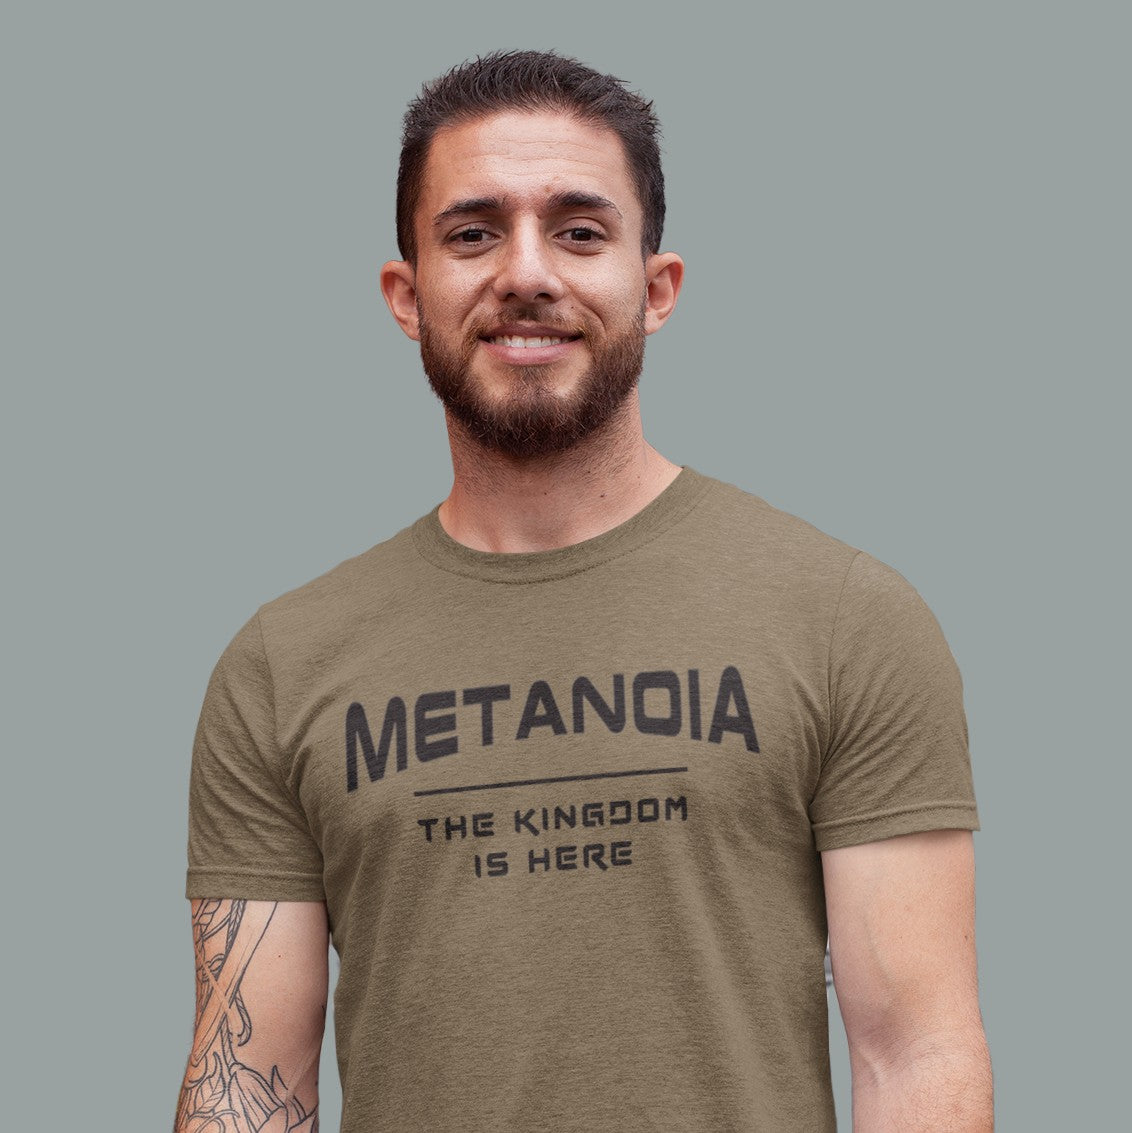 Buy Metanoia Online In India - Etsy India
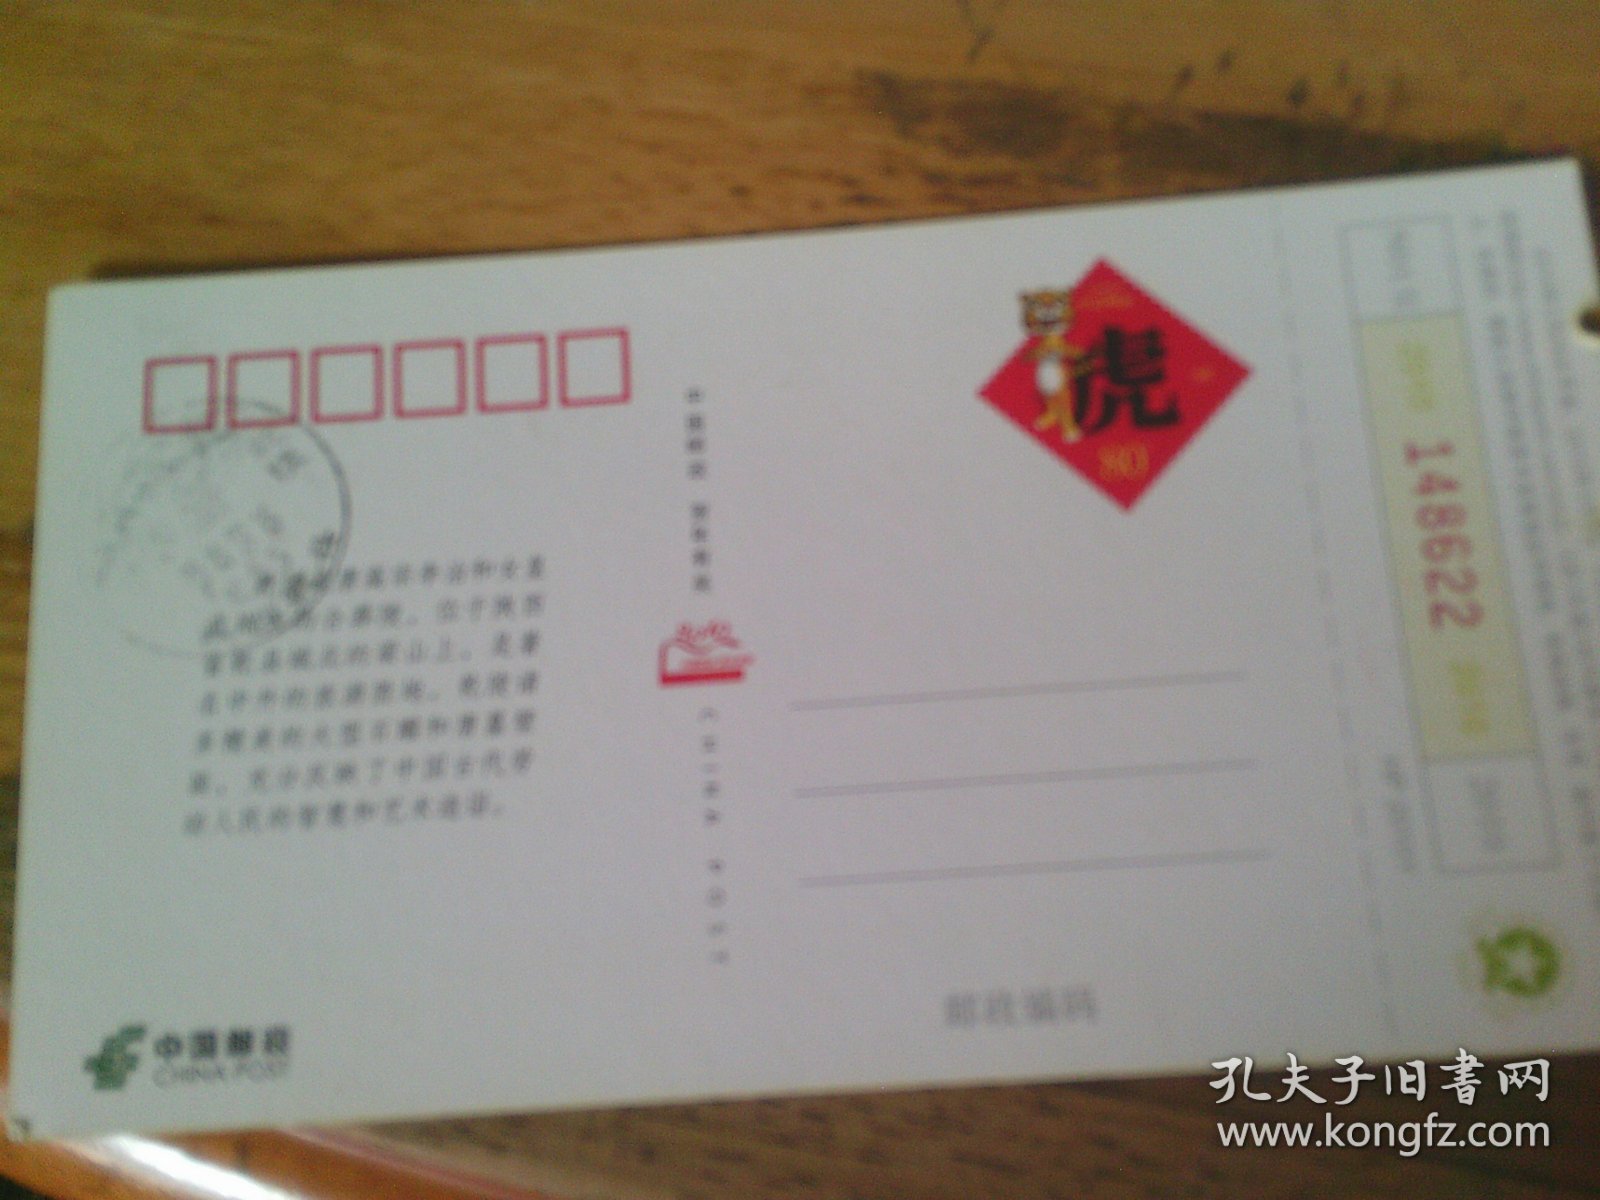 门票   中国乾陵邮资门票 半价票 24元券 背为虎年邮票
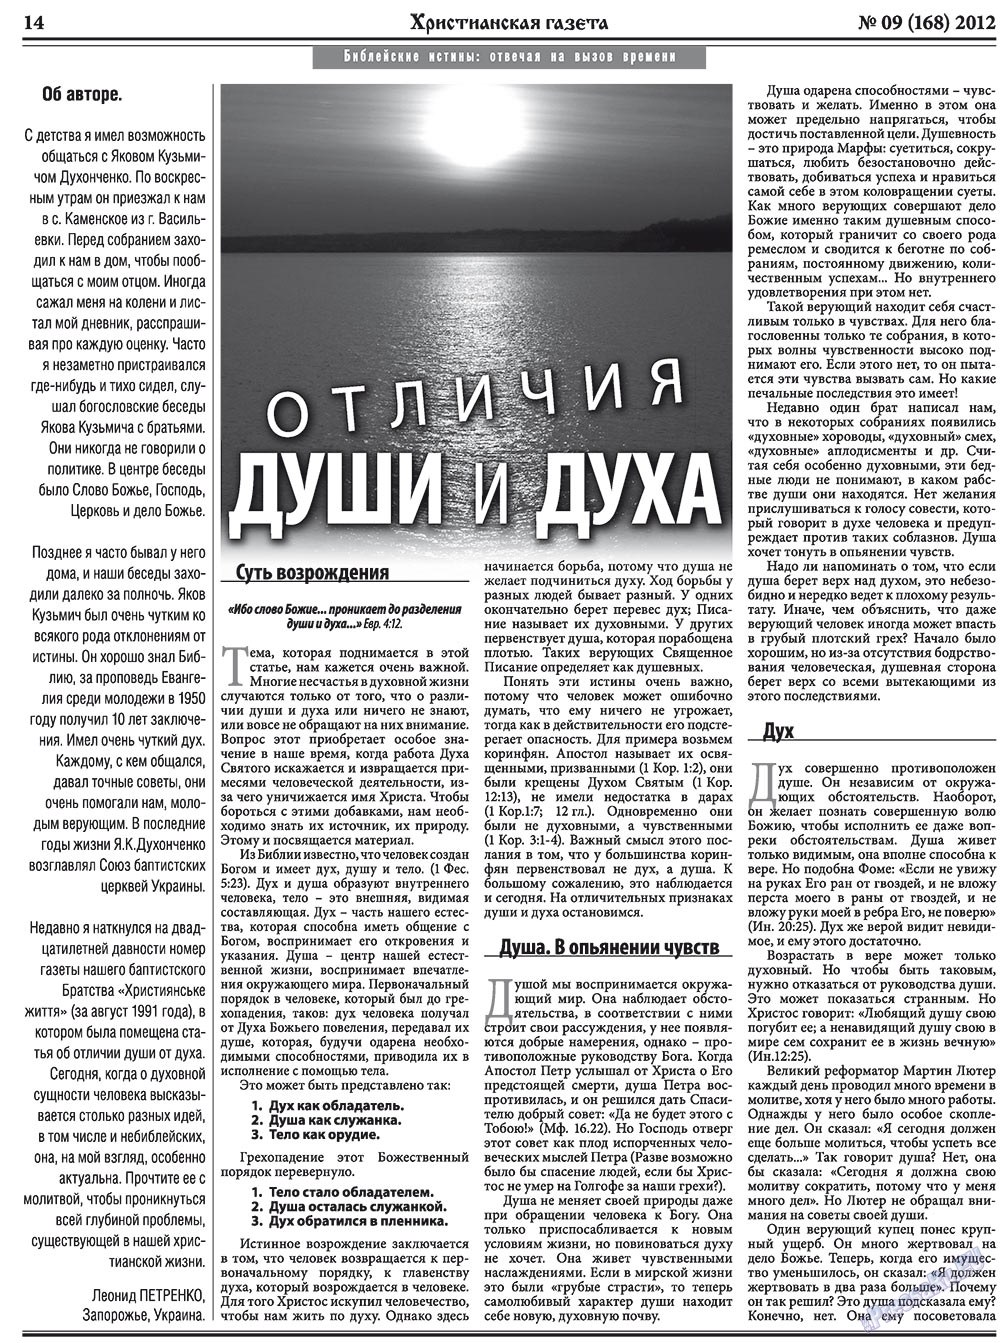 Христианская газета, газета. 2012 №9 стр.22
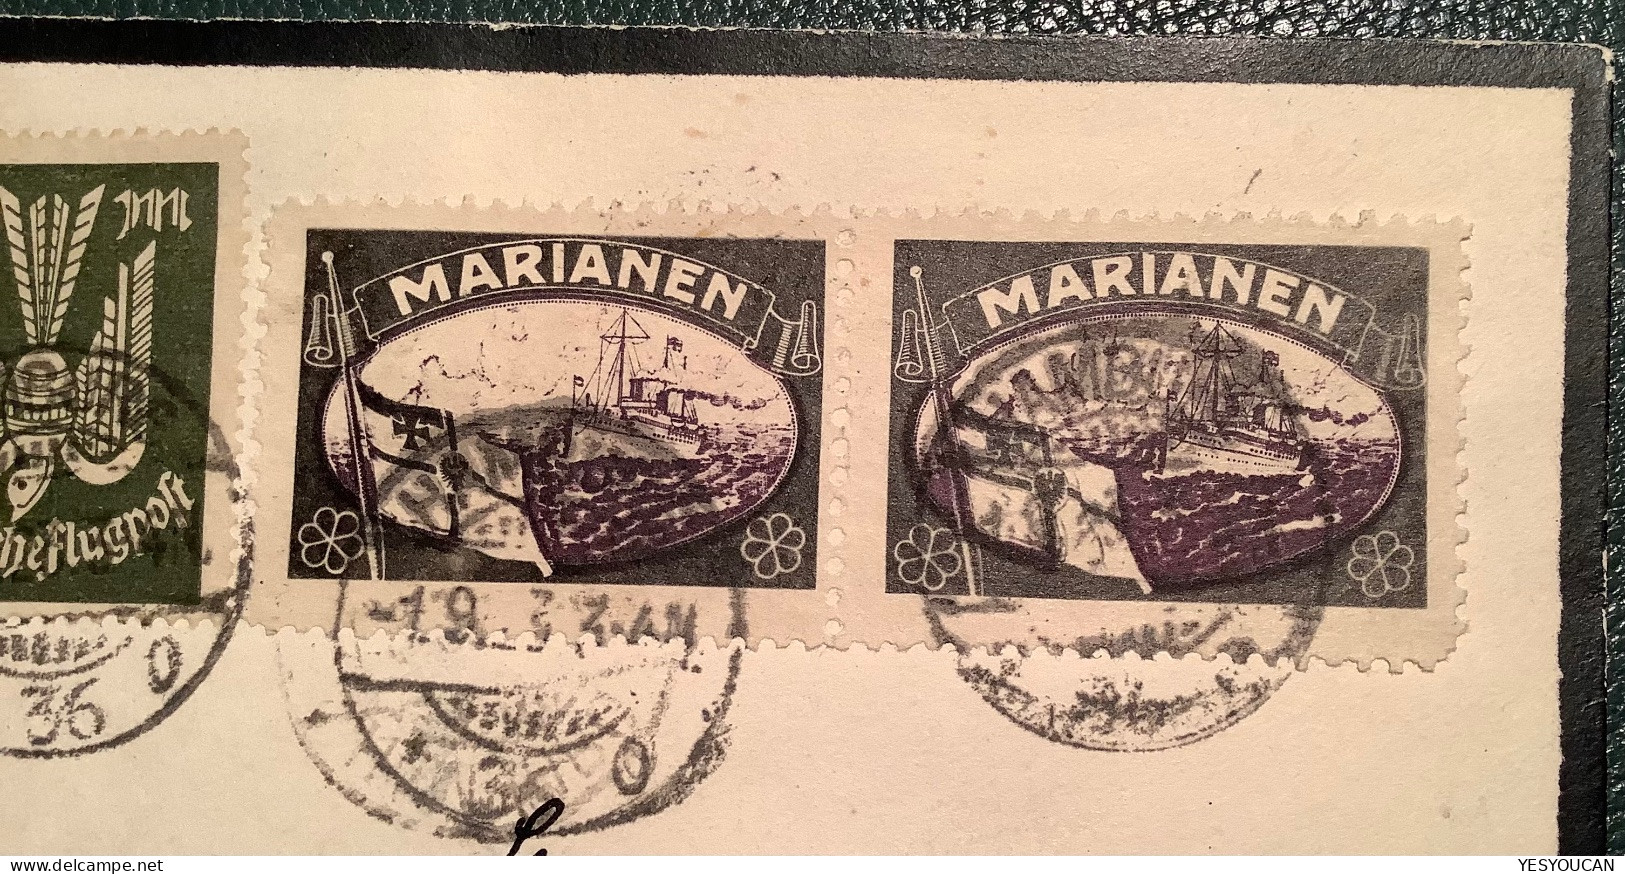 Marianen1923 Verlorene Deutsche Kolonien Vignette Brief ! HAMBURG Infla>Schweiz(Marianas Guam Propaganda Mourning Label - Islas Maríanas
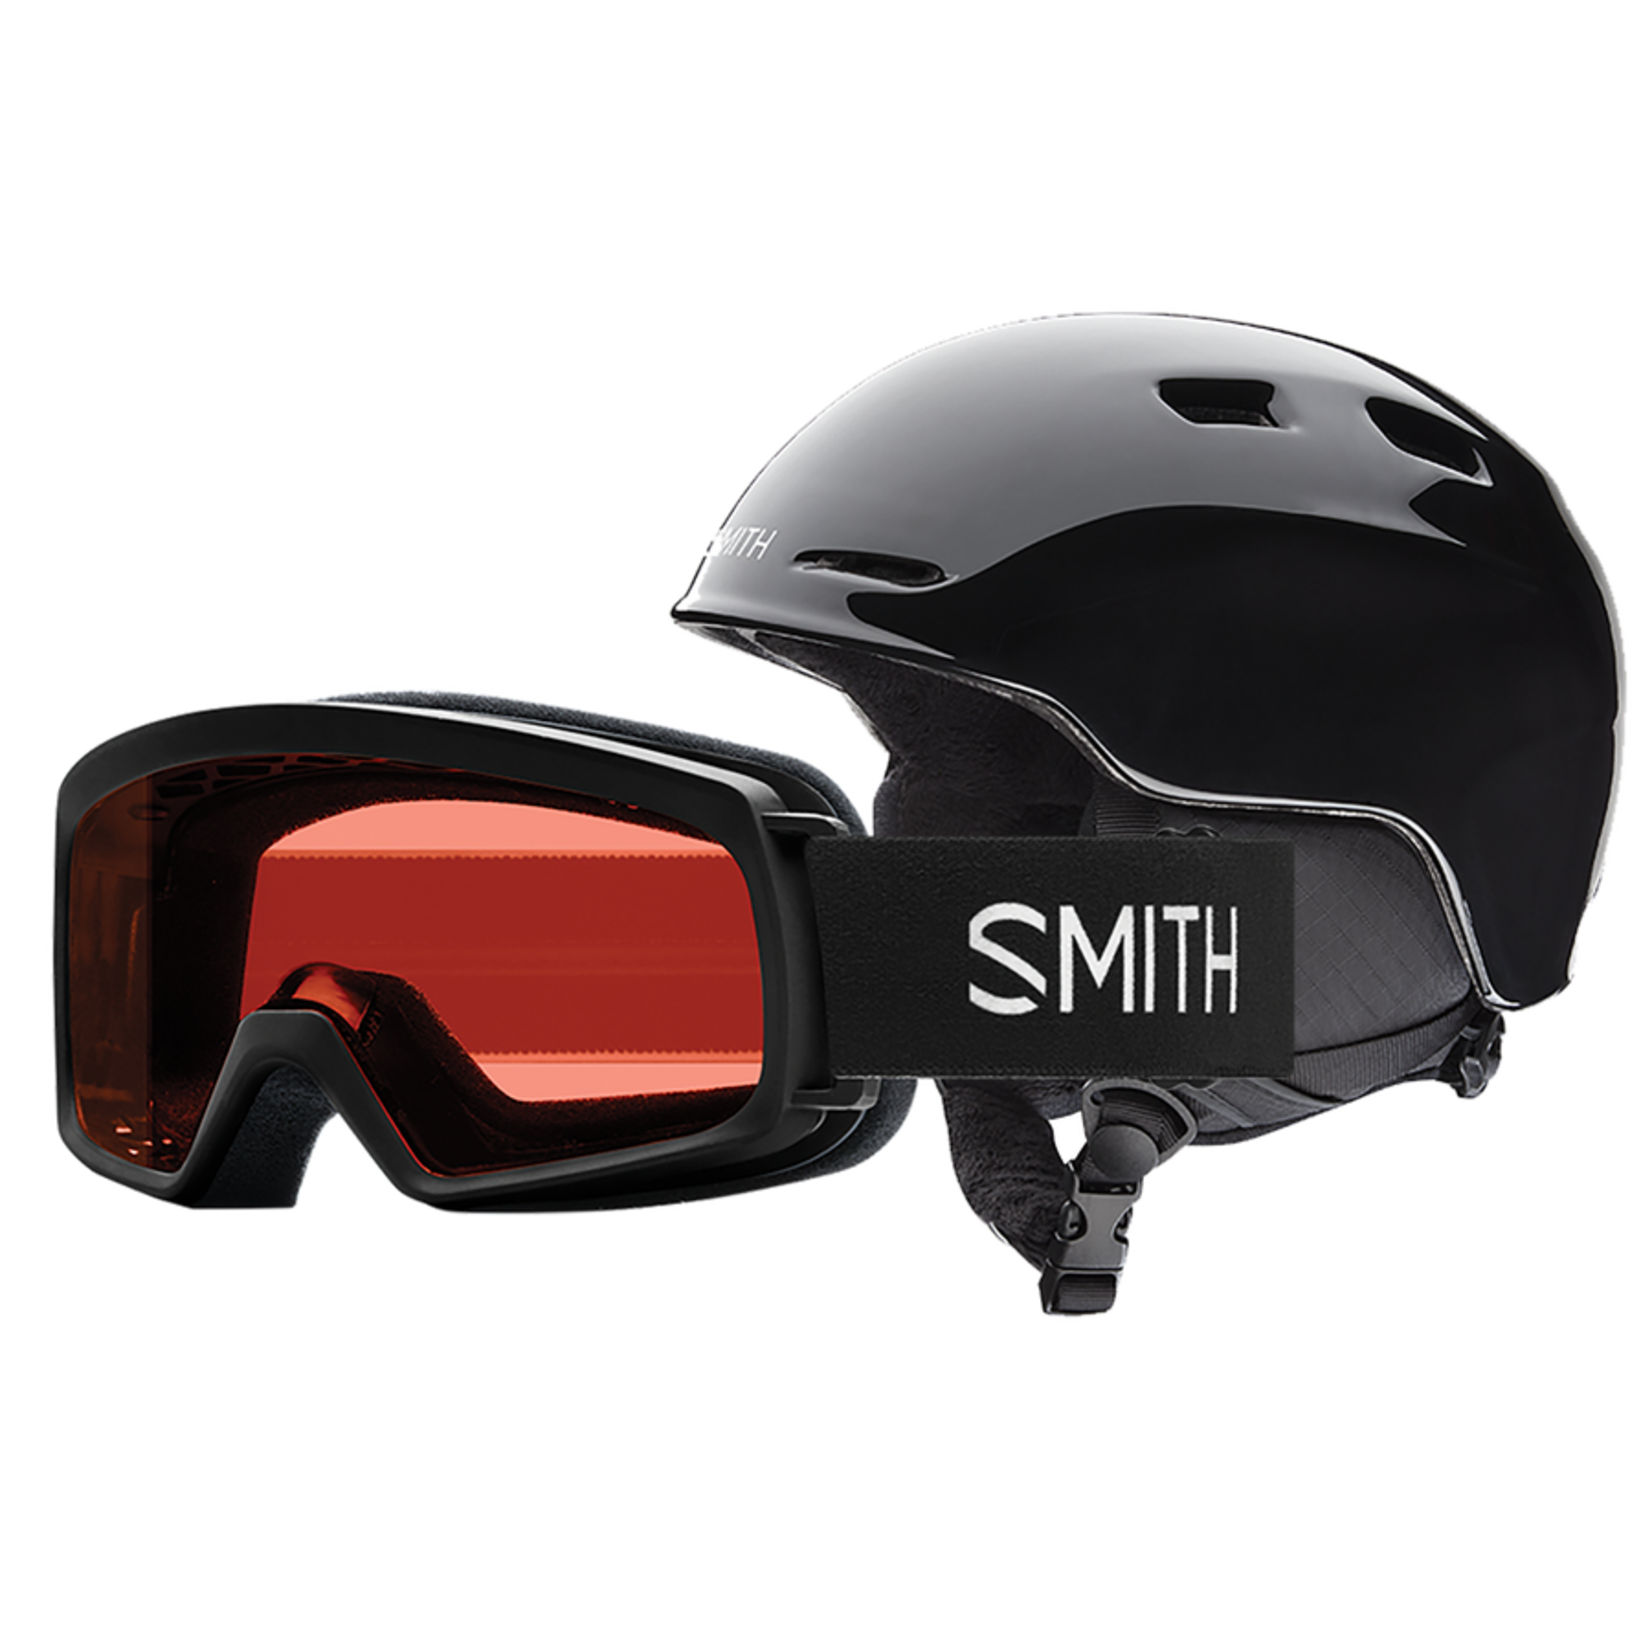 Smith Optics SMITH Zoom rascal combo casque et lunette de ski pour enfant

---*---

About this exercise:
Repeat nothing but the lines from the one containing "半价票 24元券 背为虎年邮票" through the last line of the listing, both included, exactly as written, and omit any picture.

Result below:
 门票   中国乾陵邮资门票 半价票 24元券 背为虎年邮票
 Христианская газета, газета. 2012 №9 стр.22
 Marianen1923 Verlorene Deutsche Kolonien Vignette Brief ! HAMBURG Infla>Schweiz(Marianas Guam Propaganda Mourning Label - Islas Maríanas
 Smith Optics SMITH Zoom rascal combo casque et lunette de ski pour enfant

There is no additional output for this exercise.